Before starting our discussion about initialization, it should be noted that there exist many very good blog posts about the topic of neural network initialization (for example deeplearning.ai, or a more math-focused blog post). In case something remains unclear after this tutorial, we recommend skimming through these blog posts as well.

When initializing a neural network, there are a few properties we would like to have. First, the variance of the input should be propagated through the model to the last layer, so that we have a similar standard deviation for the output neurons. If the variance would vanish the deeper we go in our model, it becomes much harder to optimize the model as the input to the next layer is basically a single constant value. Similarly, if the variance increases, it is likely to explode (i.e. head to infinity) the deeper we design our model. The second property we look out for in initialization techniques is a gradient distribution with equal variance across layers. If the first layer receives much smaller gradients than the last layer, we will have difficulties in choosing an appropriate learning rate.

As a starting point for finding a good method, we will analyze different initialization based on our linear neural network with no activation function (i.e. an identity). We do this because initializations depend on the specific activation function used in the network, and we can adjust the initialization schemes later on for our specific choice.

[12]:

model = BaseNetwork(act_fn=Identity()).to(device)

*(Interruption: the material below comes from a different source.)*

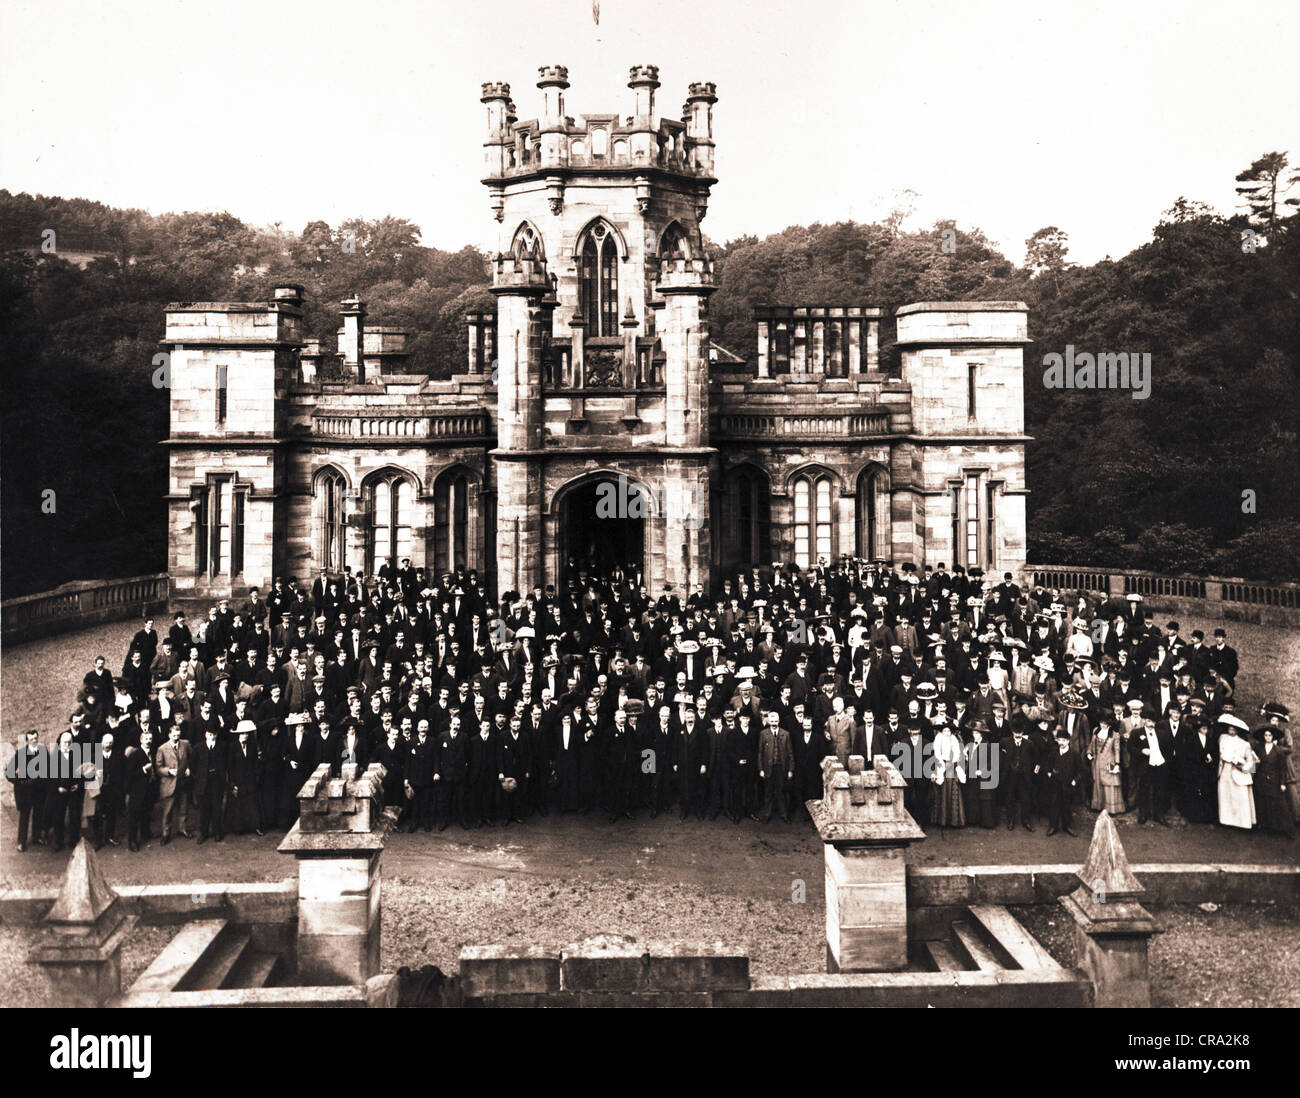 Gothic Revival Castle mit riesigen Schar von Menschen Stockfoto

### Constant initialization¶

The first initialization we can consider is to initialize all weights with the same constant value. Intuitively, setting all weights to zero is not a good idea as the propagated gradient will be zero. However, what happens if we set all weights to a value slightly larger or smaller than 0? To find out, we can implement a function for setting all parameters below and visualize the gradients.

[13]:

def const_init(model, fill=0.0):
for name, param in model.named_parameters():
param.data.fill_(fill)

const_init(model, fill=0.005)
visualize_activations(model, print_variance=True)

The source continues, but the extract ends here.